Aydın'da deprem çekincesi yüksek olan ilçeler Nazilli, Söke,
Kuşadası, Ortaklar, Germencik ve Efeler olarak sıralanıyor" diye
konuştu.
‘İZMİR’İN GERÇEK DEPREMİ İZMİR KIRIĞININ ÜZERİNDE
OLACAK’
İzmir’in Seferihisar açıklarında yaşanan depremin büyüklüğünün de
7, yıkım gücünün de 9 olduğunu ifade eden Ercan, şunları
söyledi:
"İzmir için zaten bu deprem İzmir'de olmadı, Sisam'da oldu. Depremin büyüklüğü 7, yıkım gücü 9’du. Bu biraz Türkiye'nin ayıbıdır. Sisam bölgesinde 7'den büyük deprem beklemediğim için İzmir'de daha büyük bir deprem beklemiyorum demektir. İzmir'in gerçek depremi İzmir kırığının üzerinde olacak bir depremdir. Eğer İzmir'de 7 büyüklüğünde deprem olsaydı birçok kişinin ölümünden söz edebilirdik. Evet, Sisam'daki kırık boşalmıştır orada bir deprem beklemiyorum. Ama İzmir kırığı gelecekte deprem yaratmak için birikimini sürdürmektedir.

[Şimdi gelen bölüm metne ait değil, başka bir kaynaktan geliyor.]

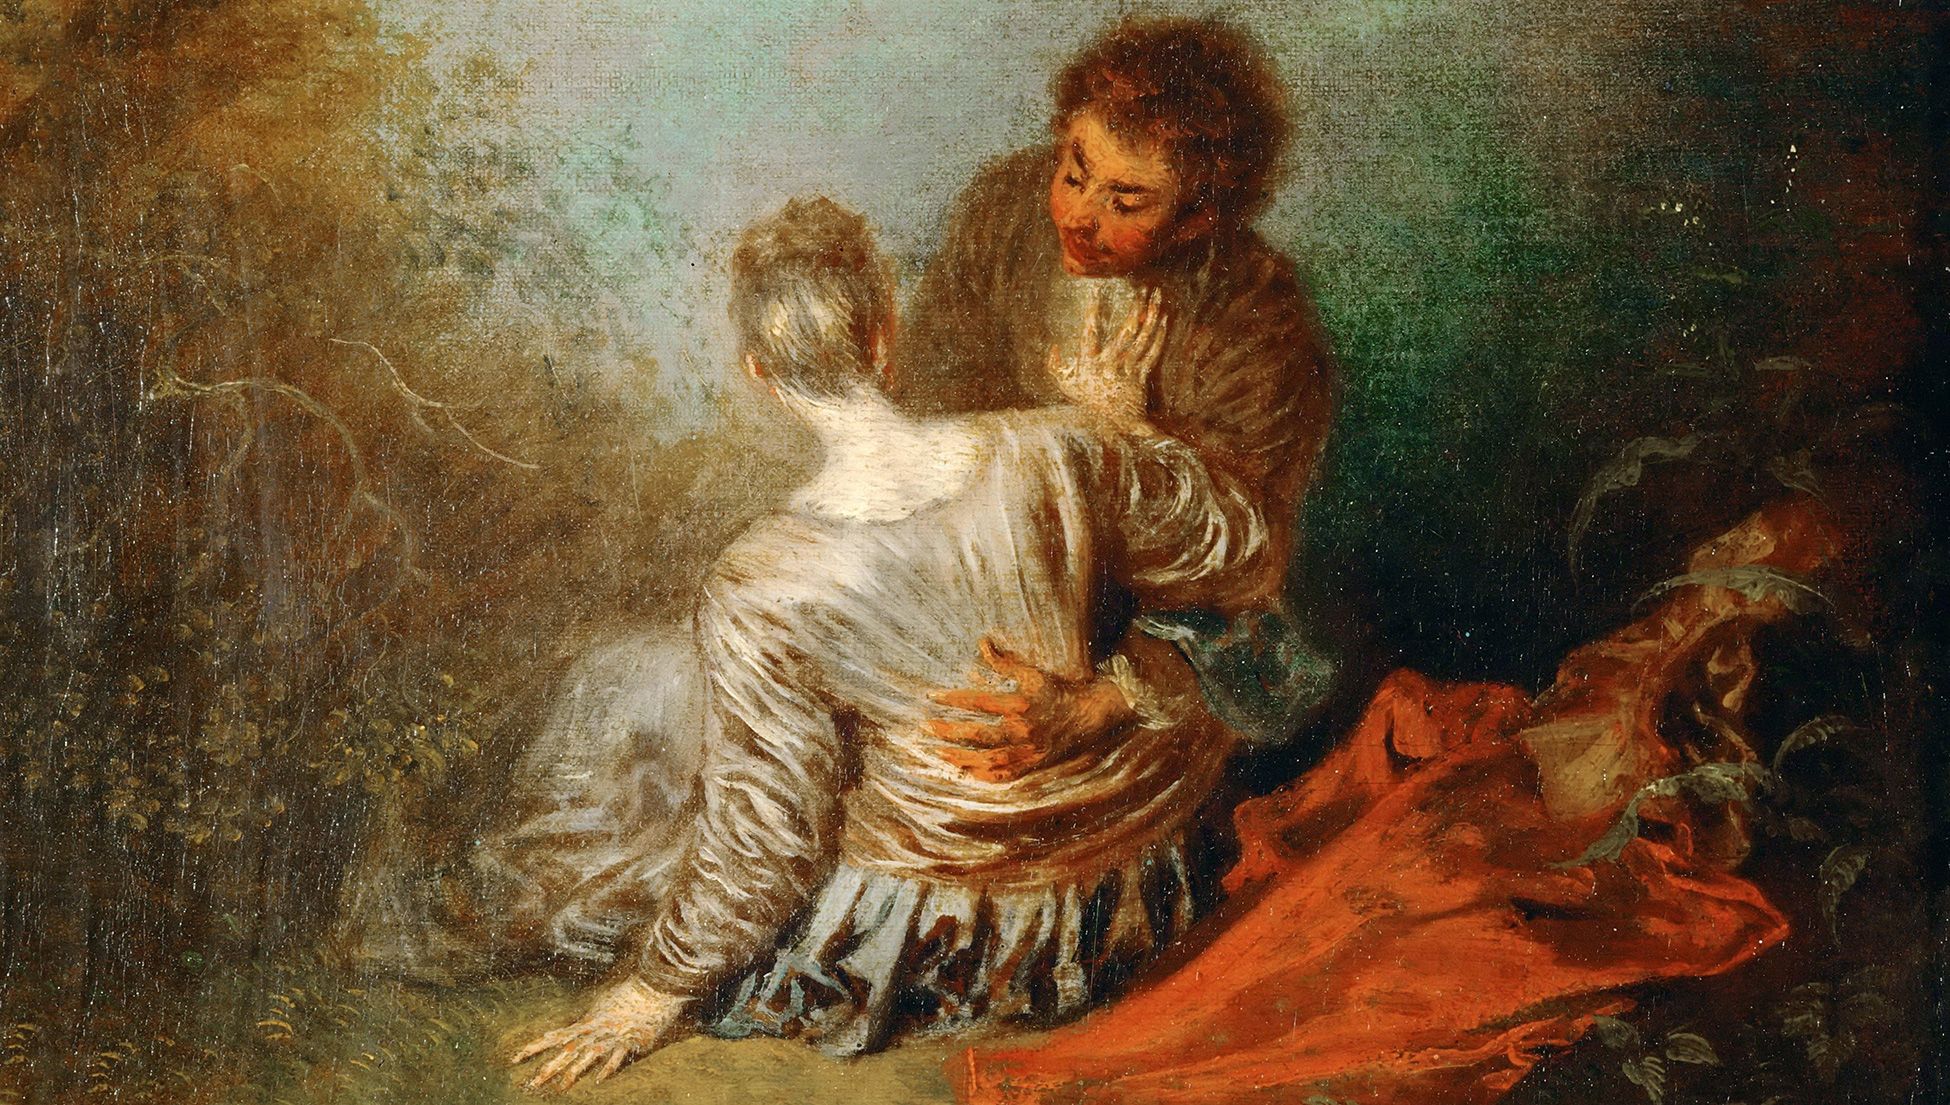 1800 Century Sexual Practices - Working, flirting and sex: courtship in 18th-century France | Psyche Ideas

Kentsel dönüşüm bu işin tek çaresidir. Depremi ben kısa bir süre içinde beklemediğimi söylemiştim. Kentsel dönüşümü hızlandırmamız gerekiyor. Yapısal dönüşümden vazgeçip, mahalle ve ilçe boyutunda yıkıp yerine yeniden yapmamız gerekiyor. Bir an önce yapılması gereken budur, belediyelerin ise bu yapıları kontrol ettirip onları yenileme konusunda zorlama yetisi yoktur. Belediyelerin bu yetkisi belediyelere verilirse bu iş hızlanır. Hiçbir şey için asla geç değildir. Dolayısıyla İstanbul depremine daha 20-25 yıl var. İstanbul'da yıkıcı bir deprem olmadı henüz. Kaldı ki Marmara Ereğlisi’nde de deprem olmadı dolayısıyla bugüne kadar yasalar, yönetmelikler çıktı, kentsel dönüşümler için taban haritaları çıkarıldı bundan sonra yapılacak eylem işi hızlandırmak."